Taking Out Heat: Making the Geothermal Case in Hot Areas
In his INC.com article, “20 Epic Fails in Global Branding,” Geoffrey James lists several brand marketing mistakes that did not translate well, and thus did not send the correct message to the consumer. His entire list can be found here, but here are a couple that I found amusing.
First on the list is Braniff International. The airline had a slogan, designed to promote their comfy leather seats, which read “Fly in Leather” in English. Harmless, until you translate it into Spanish and it becomes, “Fly Naked.” I’m pretty sure this is not the meaning that the company wanted to transmit to their Spanish customers! The second one I found funny was farther down on his list. Our friendly Colonel Sanders’ “finger licking good” slogan turned heads in China when it translated to “eat your fingers off!”
I often think of that article in regards to ground source heat pumps and geothermal, because I’m not sure the intended message is getting to this industry’s customers either. It is not due to a language translation problem, but the impression building owners and consumers have of the technology. Think of ground source heat pump systems, heat loops, heat pumps or any other “heated” word combinations. Do you hear it? We are excluding the entire air conditioning component of the systems we offer.
At trade shows or after a geothermal class, warm weather contractors have told me they don’t “install a lot of geothermal [down south] because they don’t use heating as long as we do up north.” Huh? These are contractors explaining why they don’t install geothermal, instead of explaining to their customers (and mechanical partners) why they should. Sit in an industry seminar and you will hear about the “free air conditioning” with geothermal heat.
What if we turned that around for contractors in warm weather areas? How about in those climates we start saying, “free heat” with geothermal air conditioning? My coworker, George Dugan, has told me over and over about the benefits he received when he installed a geothermal system in the house he built in Houston. Judging by the harassment I take from him about my Ohio winters, I must assume that Texans don’t use heat as much as we do in the Midwest.
His numbers were impressive: a 2,400-square-foot house that had average electric bills of $107 a month. That was running his system in air conditioning mode 10-plus months out of the year. For reference, my gas and electric bills average out to double that per month. George and another friend of mine both commented on how the house was evenly heated and cooled with no hot or cold spots. They credited this to how the heat pump manufacturer took every aspect of the home’s construction into consideration when sizing the system. Also, his drilling contractor sized the loop field properly, and the pipe and grout were designed to effectively transfer energy to and from the surrounding ground.

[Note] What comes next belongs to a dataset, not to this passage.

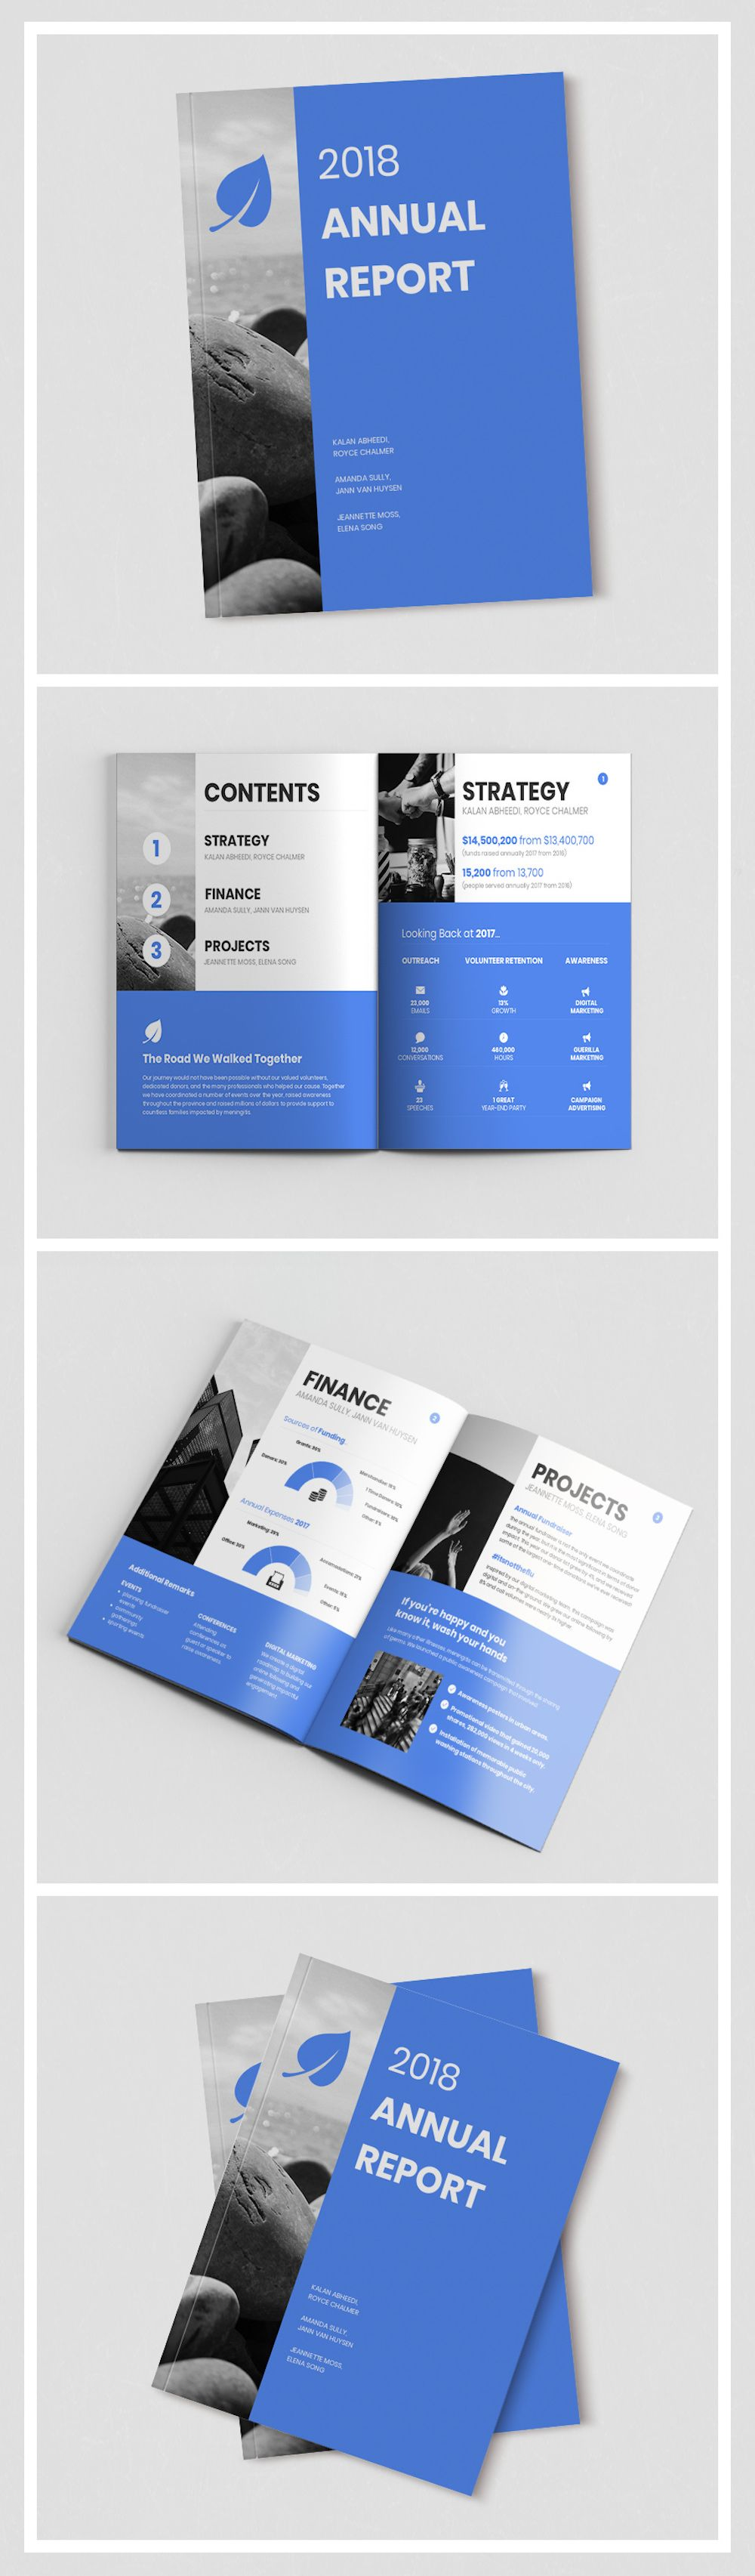 55+ Customizable Annual Report Design Templates, Examples & Tips #annualreports

The excitement he showed as he described his awesome, warm-climate geothermal system shows how industry professionals should convey the message of geothermal to homeowners and builders alike. We have to believe in the systems we install and know that we are giving the building owners a top-notch green system that works for total climate control. It works in Maine and in Houston.
Earlier this year, in an industry interview, I suggested using the term “ground source climate control systems” as a marketing makeover. I received emails confirming support for taking “heat” out in favor of an all-inclusive term. The folks at KFC understood what their slogan really meant. Engineers, contractors, distributors and manufacturers understand that our systems do more than heat. BUT (Behold the Underlying Truth), we are not the consumers.
Geothermal is a good alternative to fossil fuel systems that people want to install and want to feel good about … once they understand it. Geothermal seems to be the “third mention” after solar and wind, yet we have a system that works in the dark and when the winds don’t blow. Geothermal is equal and can stand on its own legs, with or without tax credits, if it is promoted and marketed correctly. In summary, geothermal is cool!